LINNÉ AHLSTRAND: The blonde was Playmate Of The Month in July 1958 and managed a brief movie career. But she died, aged 30, from cancer in 1967.
BETTY BLUE: Miss November 1956 was once married to adult movie director Harold Lime. She died from heart failure in 2000, aged 69.
ELISA REBECCA BRIDGES: The Playmate Of The Month for December 1994 died from a heroin and amphetamine overdose five years ago aged 28. The Playboy website reported her death as “natural causes”.
JEAN CANNON: The 38DD model died from cancer at the end of 2005, aged 64. She was Playmate Of The Month in October 1961.
TONYA CREWS: Brought up on native American reservations, Tonya became a Playboy centrefold in March 1961. She died in a car crash five years later, aged 28.
CLAUDIA JENNINGS: Claudia went from Playboy receptionist to Playmate of the Year and then on to a successful acting career in B-movies. She had a history of drug abuse, but was clean when she died in a car crash after falling asleep at the wheel of her VW Beetle in 1979. She was just 29.
CONNIE KRESKI: The former nurse and Playmate Of The Year once dated actor James Caan. Blonde Connie died of lung cancer in 1995, aged 48.
CHERYL KUBERT: The Playmate Of The Month in February 1958 is believed to have committed suicide in 1989. But the cause of death was not confirmed.
JAYNE MANSFIELD: A sex goddess in the 1950s, Jayne appeared in Playboy several times.
She later became an actress and won a Golden Globe. Three times married Jayne was decapitated in 1967, when the car she was in crashed into the back of a tractor trailer.
JONI MATTIS: Playboy chief Hugh Hefner’s former lover famously refused to disrobe during her Playboy photo session. She died from cancer aged 60 in 1999.
EVE MEYER: The former wife of movie director Russ Meyer was Playmate Of The Month in June 1955. She went on to produce one of his most famous films, Faster, Pussycat! Kill! Kill! She died in a plane crash, aged 48, when two planes collided on take-off in Tenerife in 1977.
DONNA MICHELLE: The Playmate Of The Year in 1964 was 17 when she first appeared nude in the magazine. Donna went on to become an actress and died from a heart attack aged 58 in 2004.
MARILYN MONROE: The official cause of Marilyn’s death in 1962 was probable suicide due to an overdose of sleeping pills, but many people believe she was murdered. Her appearance in Playboy in December 1953 was not her own decision. Hefner had bought nude photos taken of Marilyn before she was a famous actress.

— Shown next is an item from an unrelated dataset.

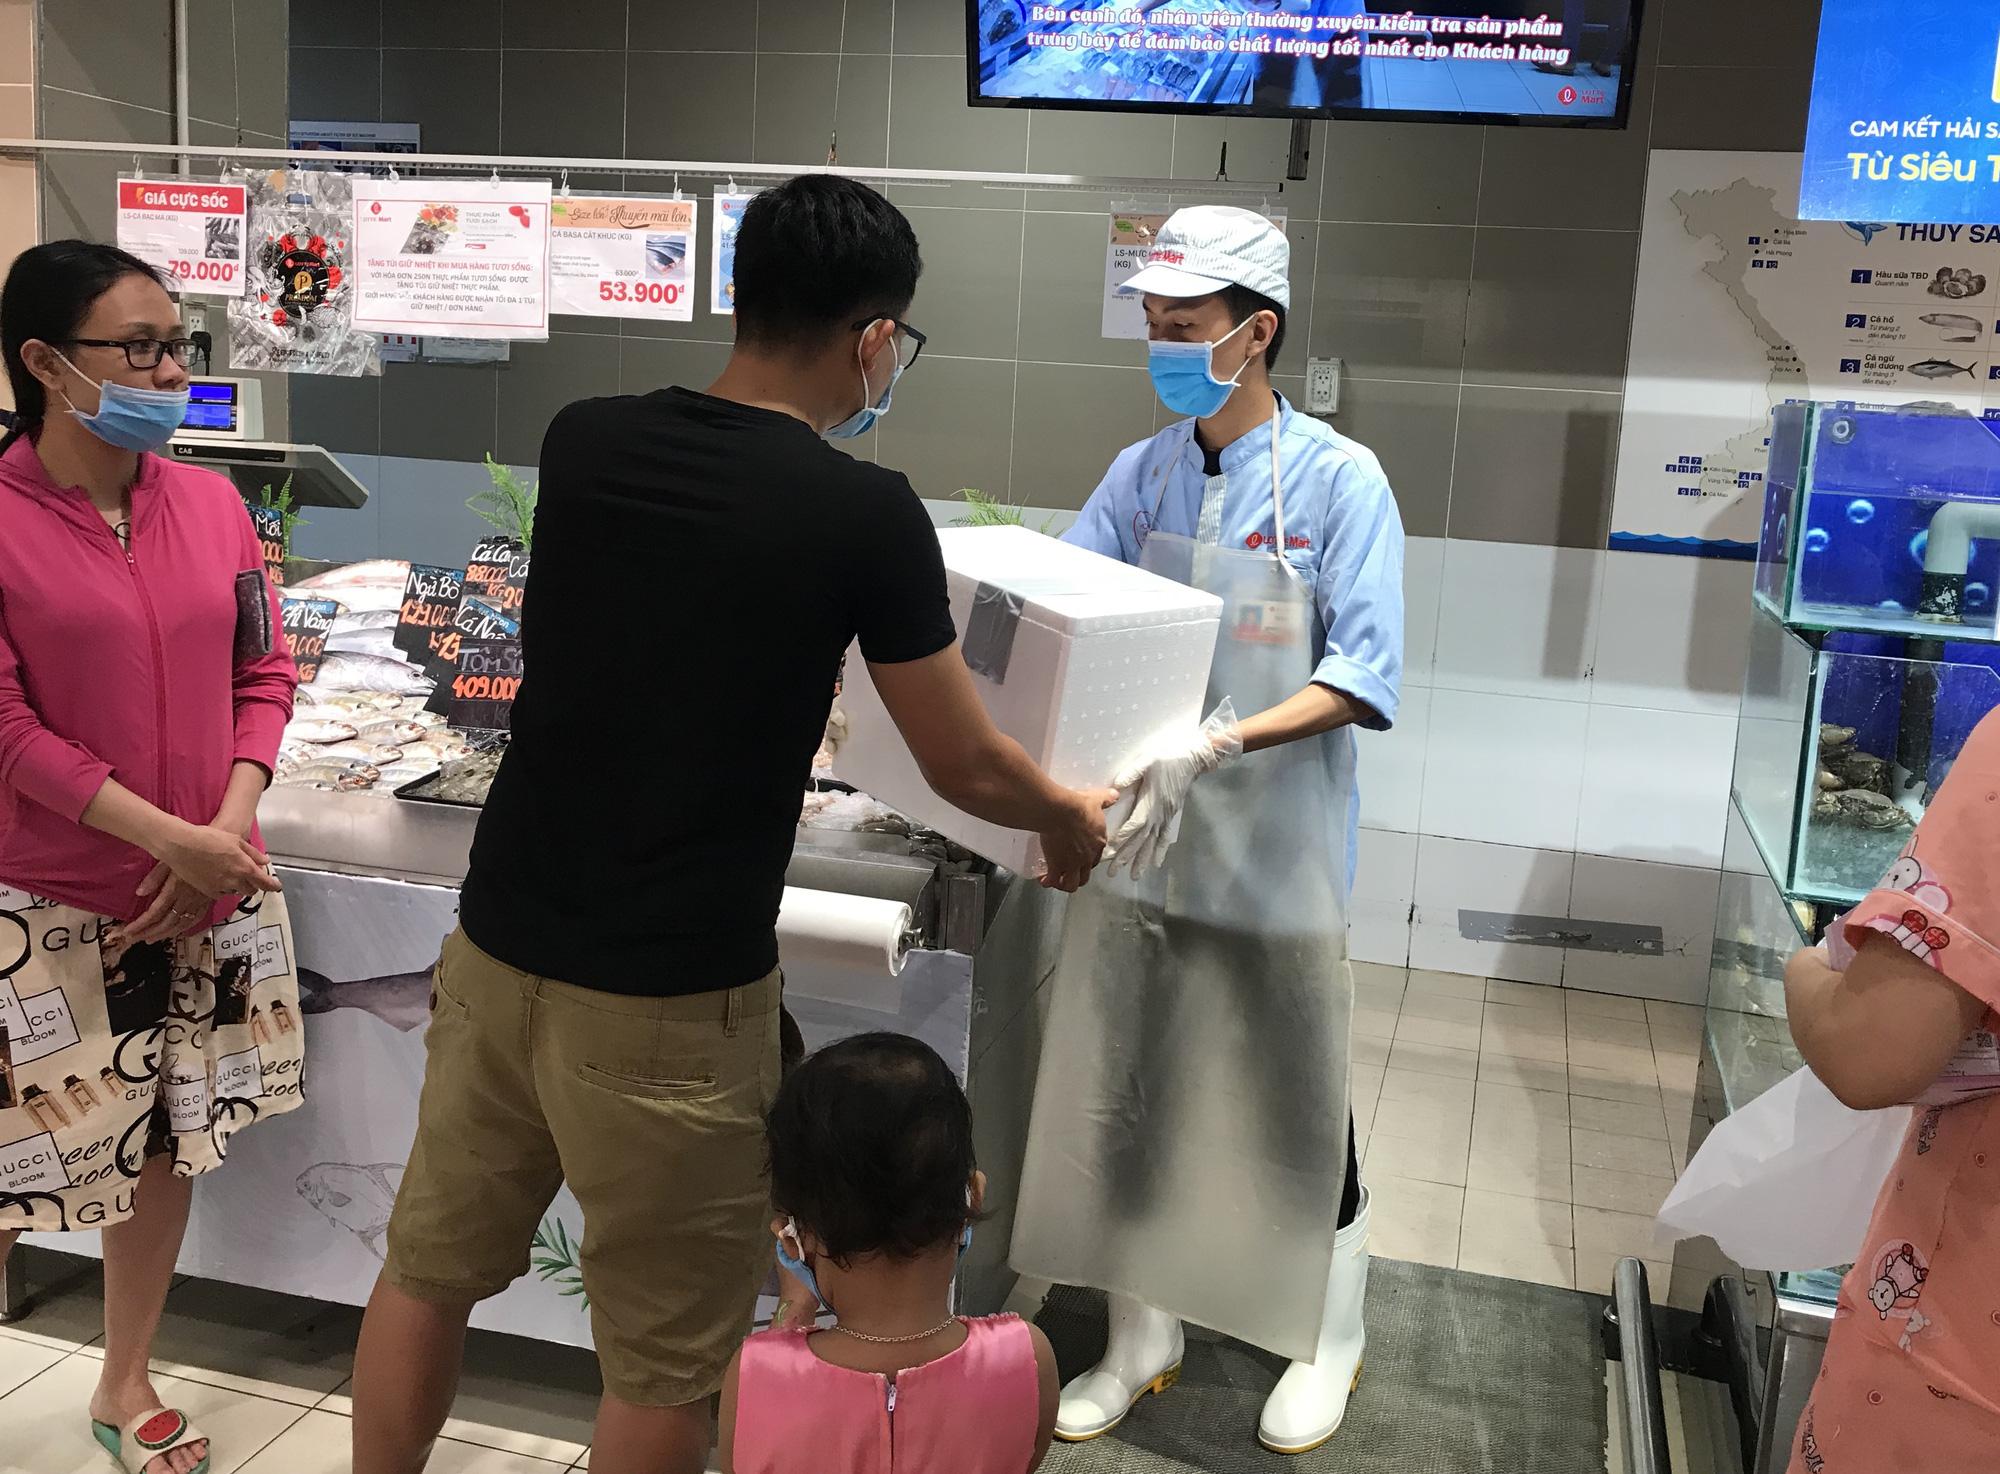 Cận cảnh giải cứu tôm hùm ở Sài Gòn, mới 9h sáng đã hết sạch, có siêu thị chế biến miễn phí cho khách ngay tại chỗ - Ảnh 13.

MERLE PERTILE: The redhead was a Playboy centrefold in January 1962. She died aged 56 following heart surgery in 1997.
WILLY REY: The Dutch-born model died from an overdose of sleeping pills in 1973, aged 23. In the Playboy article in February 1971 she admitted to “feelings of insecurity about my future.”
GLORIA ROOT: She was jailed for smuggling cannabis into Greece in 1970, a month after her Playboy centrefold. She died, aged 57, from cancer last year.
PAT SHEEHAN: The former actress and model dated a string of famous men, including Frank Sinatra, Bing Crosby and Elvis Presley. Playboy’s Miss October 1958 died a year ago from a heart attack, aged 74. She had also suffered from cancer.
GAIL STANTON: The daughter of a deacon at a Southern Baptist church was Playmate Of The Month in June 1978. Gail died aged 42 from a colon blockage in 1996.
DOROTHY STRATTEN: Dorothy was 1980’s Playmate Of The Year and in the same year was found shot dead by her her possessive husband Paul Snider, who had also shot himself. Two films were made about the 20-year-old model’s violent death.
STAR STOWE: After appearing as a Playboy centrefold in February 1977, things went horribly wrong for Star. She started taking drugs, became a prostitute and was found strangled in 1997, aged 40.
TERRE TUCKER: The slender brunette was Playmate Of The Month in November 1963. She died in 1990, aged 46, reportedly from cancer.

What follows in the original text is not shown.